SUPPLIED RECORDS —
-------
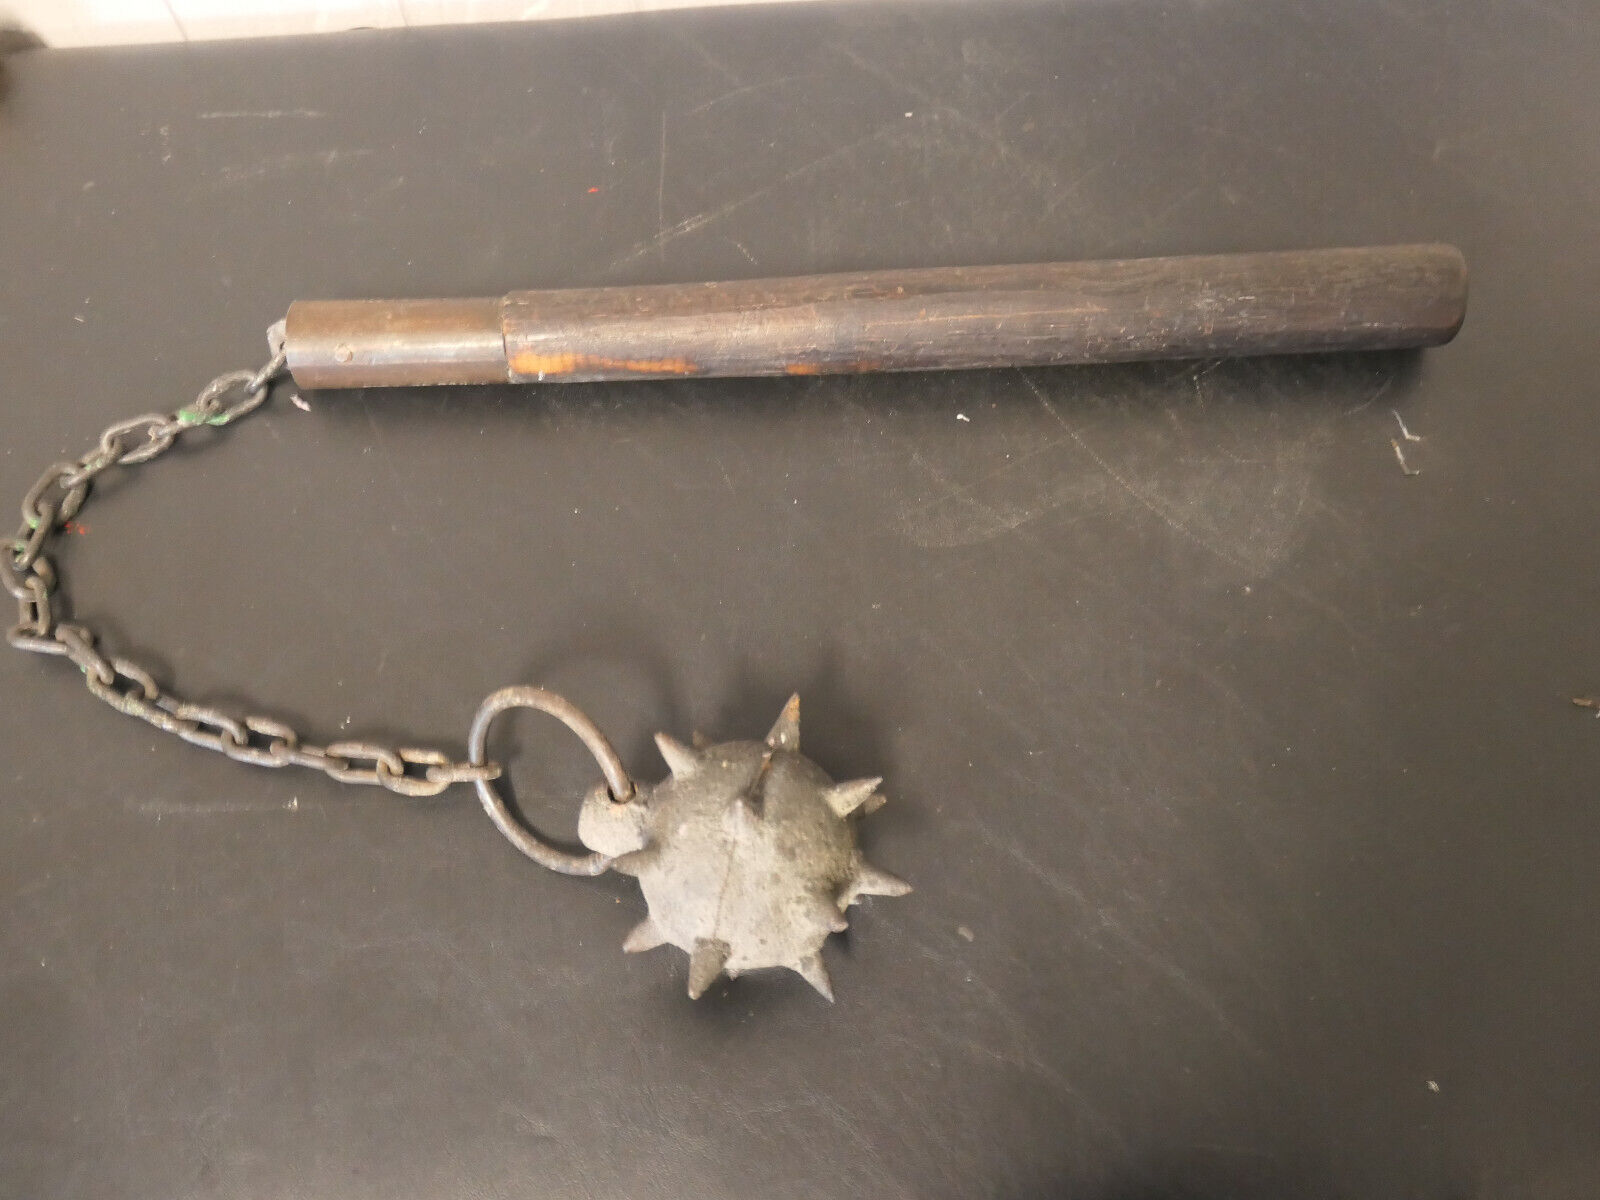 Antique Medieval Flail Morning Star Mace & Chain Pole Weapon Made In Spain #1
-------
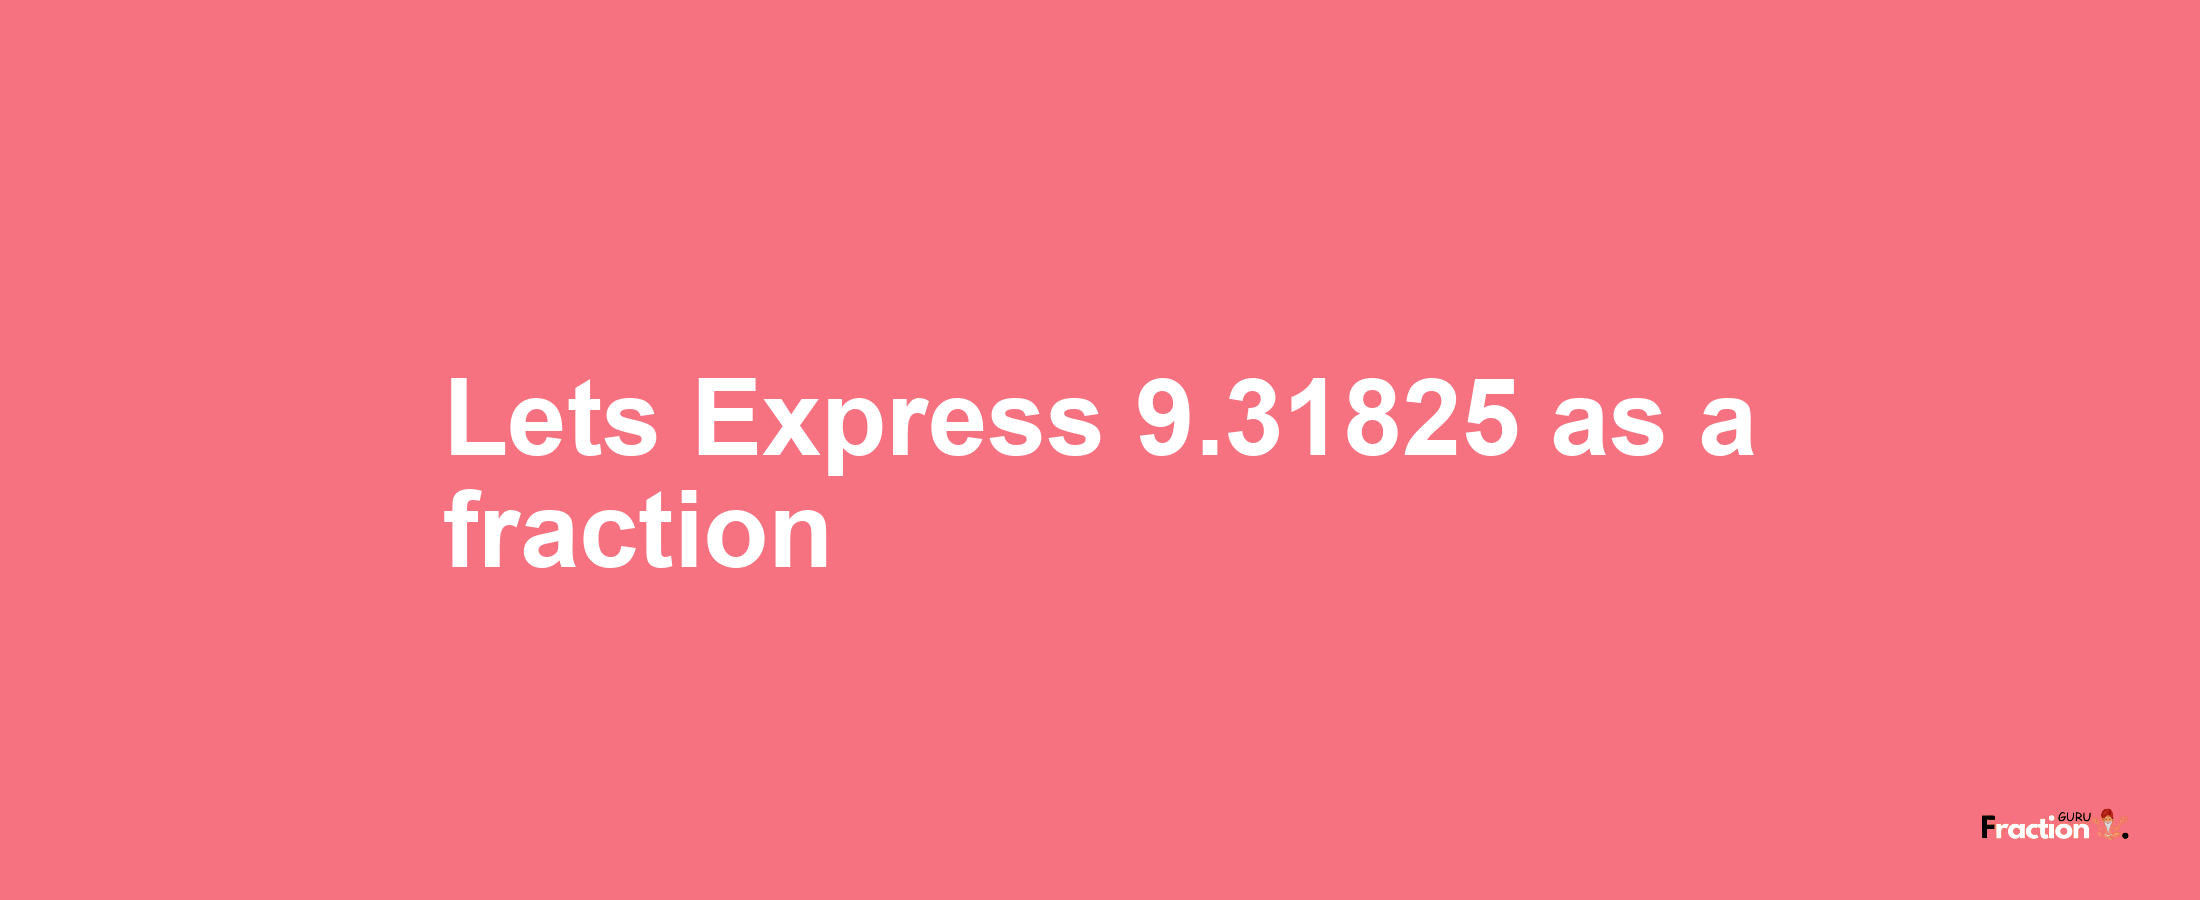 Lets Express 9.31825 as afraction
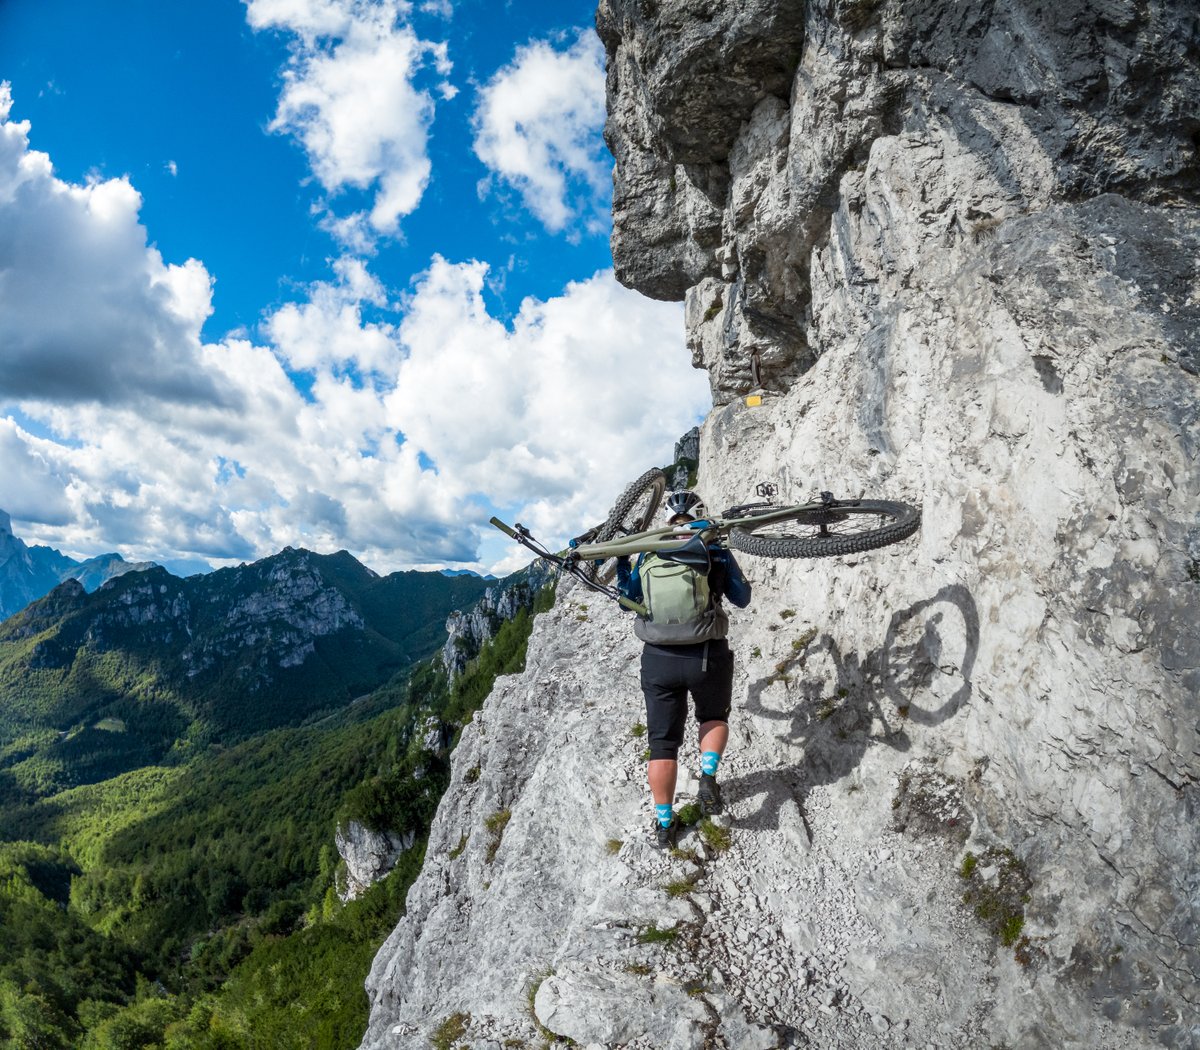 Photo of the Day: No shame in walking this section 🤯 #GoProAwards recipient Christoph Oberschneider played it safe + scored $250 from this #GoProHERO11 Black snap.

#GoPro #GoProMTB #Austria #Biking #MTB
-------
INSTRUCTIONS FOR THE TASK —
Starting with the line that contains "Photo of the" and finishing with the line that contains "#GoPro #GoProMTB #Austria #Biking #MTB", reproduce every line of the material above exactly, but not the pictures.

WRITTEN SOLUTION —
 Photo of the Day: No shame in walking this section 🤯 #GoProAwards recipient Christoph Oberschneider played it safe + scored $250 from this #GoProHERO11 Black snap.

#GoPro #GoProMTB #Austria #Biking #MTB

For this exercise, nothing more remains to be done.